レムユエ 323歳 女 レベル:100+α

天職:神子

筋力:1200[+1200]

体力:3000[+3000]

耐性:600[+600]

敏捷:1200[+1200]

魔力:69800[+69800]

魔耐:71200[+71200]

技能:自動再生[+痛覚操作]・全属性適性・複合魔法・魔力操作[+魔力放射][+魔力圧縮][+遠隔操作][+効率上昇][+魔素吸収]・想像構成[+イメージ補強力上昇][+複数同時構成][+遅延発動]・血力変換[+身体強化][+魔力変換][+体力変換][+魔力強化][+血盟契約]・高速魔力回復・生成魔法・重力魔法・無限属性魔法[+蒼天龍嵐(ドラゴストーム)

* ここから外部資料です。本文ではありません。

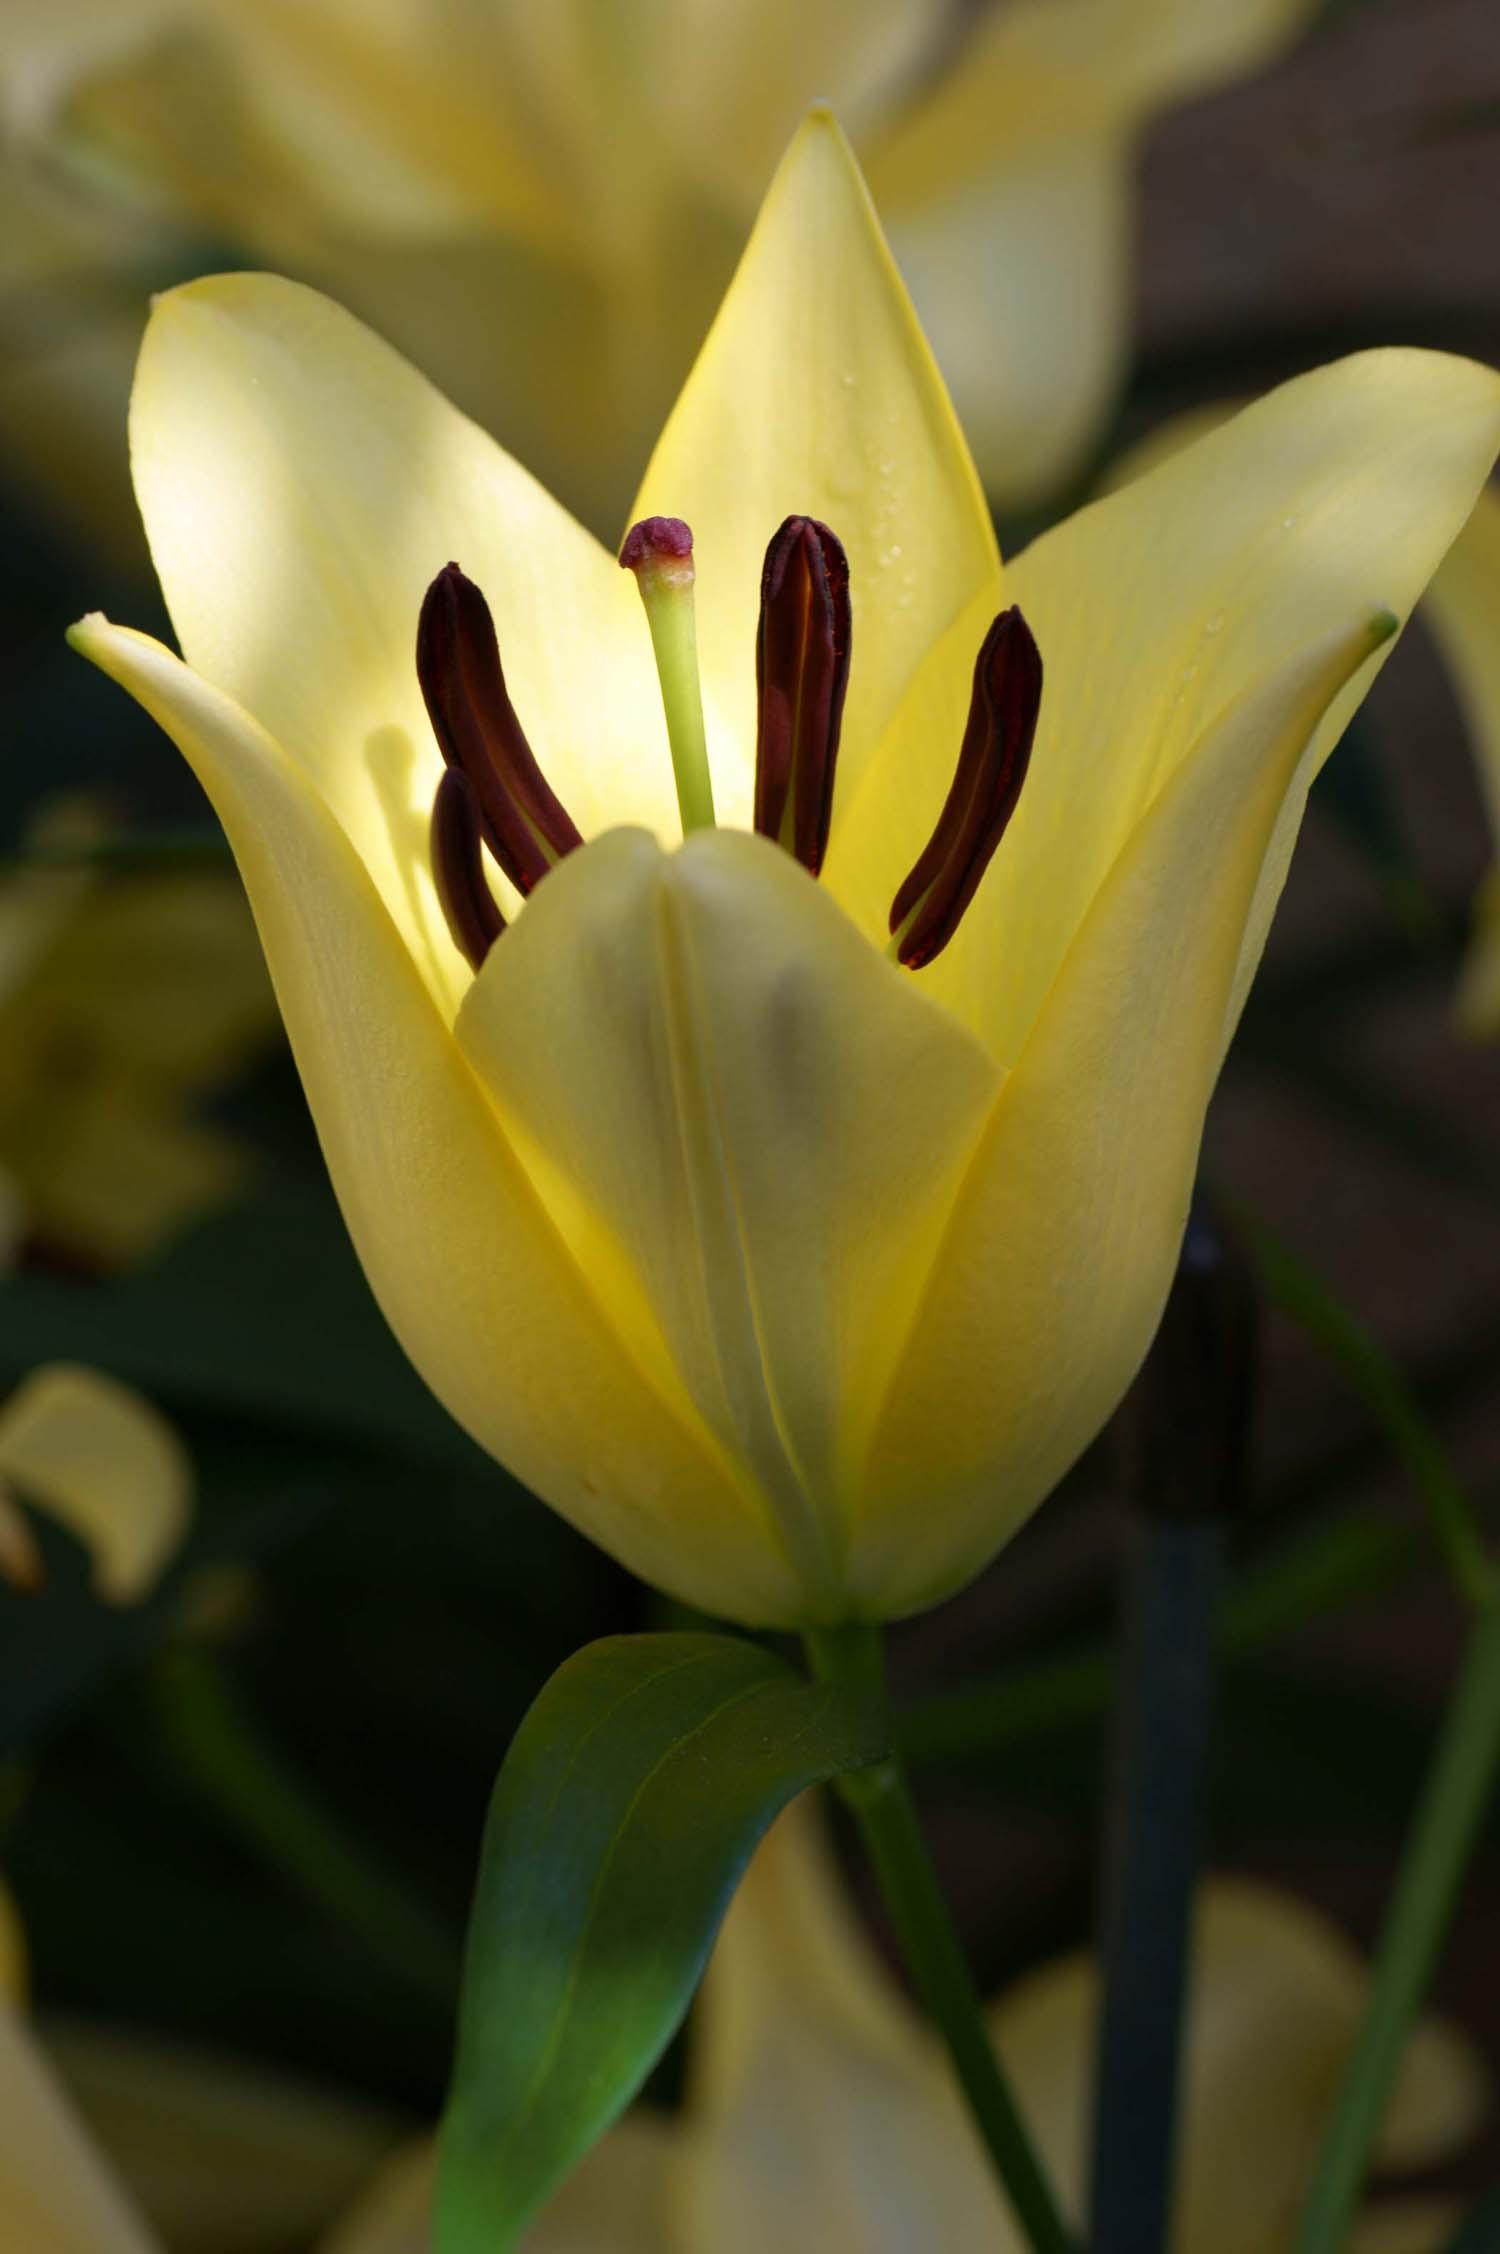 Filebeautiful cream lily flower photog wikimedia commons filebeautiful cream lily flower photog izmirmasajfo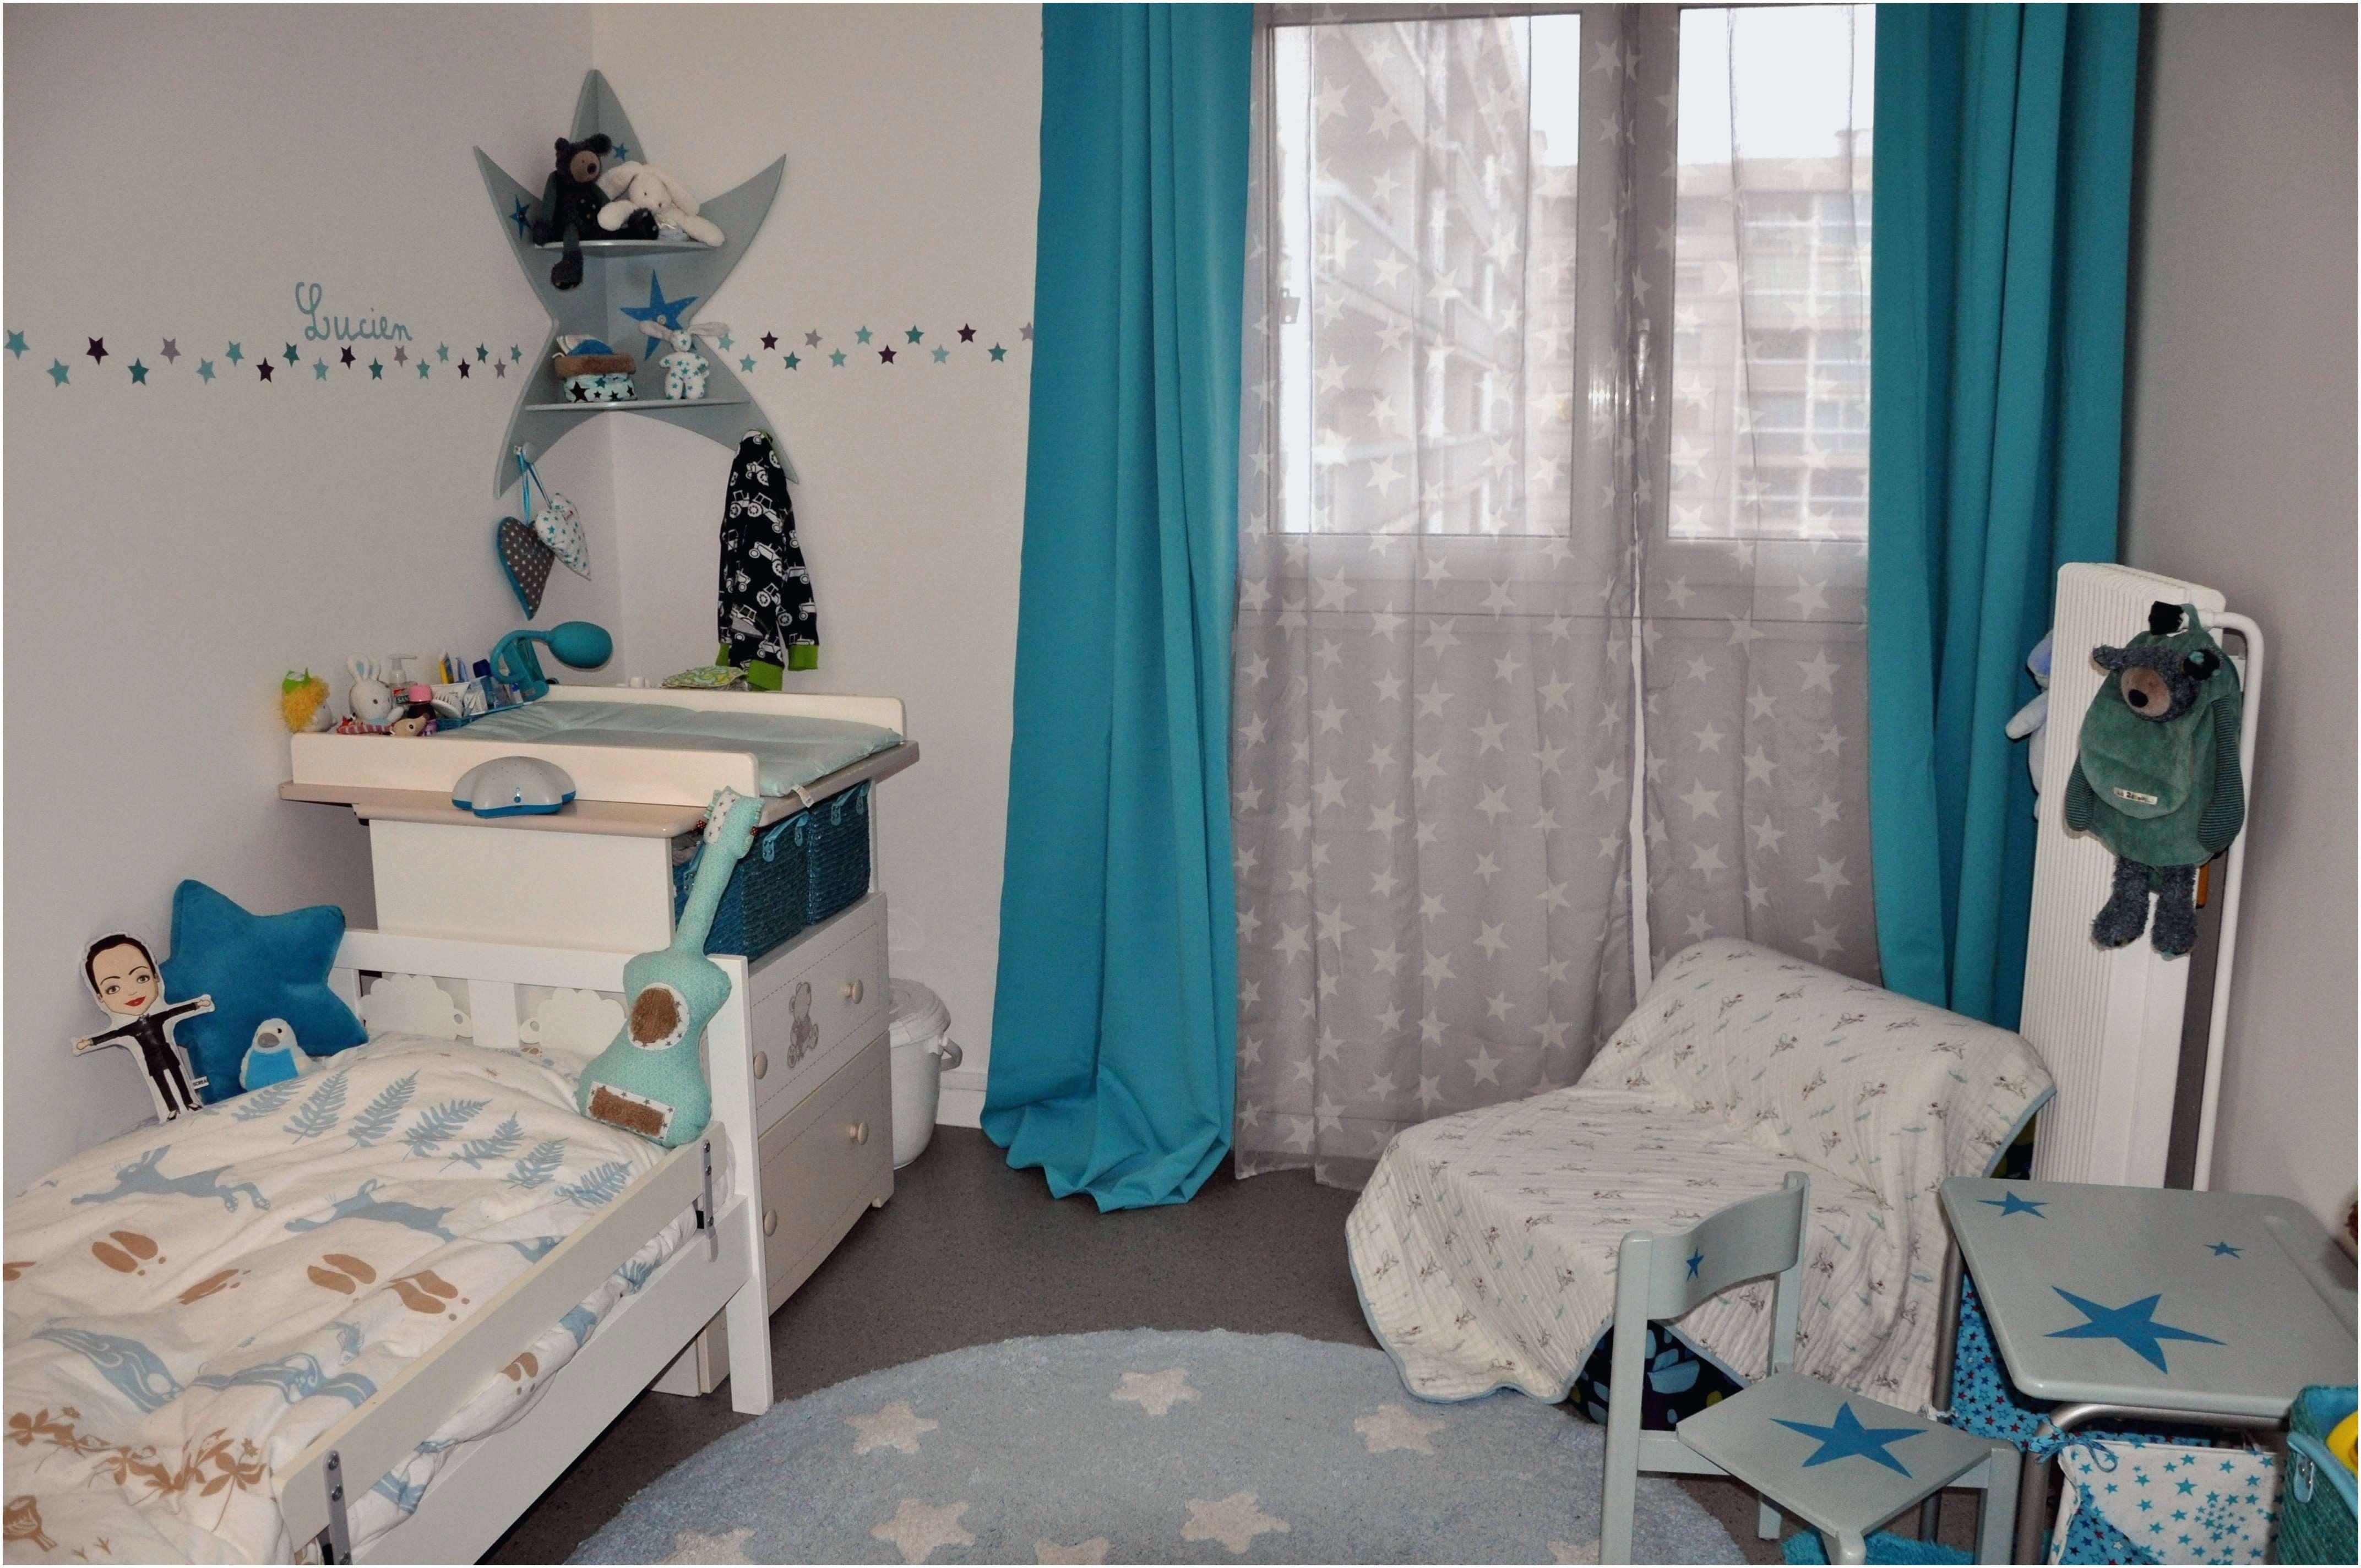 Moustiquaire Pour Lit Bébé Bel Luxe Mode Chambre Bébé Elegant Rideau Enfant Pas Cher 14 Chambre

====================================

 

====================================

シア・ハウリア 16歳 女 レベル:40

天職:占術師

筋力:600[+600] [+身体強化最大6100]

体力:800[+800] [+身体強化最大6120]

耐性:600[+600] [+身体強化最大6100]

敏捷:850[+850] [+身体強化最大6125]

魔力:30200[+30200]

魔耐:31800[+31800]

技能:未来視[+自動発動][+仮定未来]・魔力操作[+身体強化][+部分強化][+変換効率上昇Ⅱ] [+集中強化]・重力魔法

====================================

 

====================================

ティオ・クラルス 563歳 女 レベル:89

天職:守護者

筋力:7700[+7700] [+竜化状態4620]

体力:11000[+11000]  [+竜化状態6600]

耐性:11000[+11000] [+竜化状態6600]

敏捷:5800[+5800] [+竜化状態3480]

魔力:45900[+45900]

魔耐:42200[+42200]

技能:竜化[+竜鱗硬化][+魔力効率上昇][+身体能力上昇][+咆哮][+風纏][+痛覚変換]・魔力操作[+魔力放射][+魔力圧縮]・火属性適性[+魔力消費減少][+効果上昇][+持続時間上昇]・風属性適性[+魔力消費減少][+効果上昇][+持続時間上昇]・複合魔法

====================================

 

============================

ルティ 17歳 男 レベル:100

天職:魔術師

筋力:50000[+50000]

体力:50000[+50000]

耐性:100000[+100000]

敏捷:50000[+50000]

魔力:100000[+100000]

魔耐:100000[+100000]

技能:言語理解・魔力操作・虚無魔法[+ウルトラソード][+ギガトンスノーハンマー][+ドラゴストーム][+ミラクルビーム][+ キルニードルワープ][+ワープホールアタック][+リバースワールド][+ルティ砲][+ブラックホール][+アナザーディメンション]

============================

 

 

イルワ「………」

ばたり

 

イルワが倒れ、起きるまで待機することになったのだった。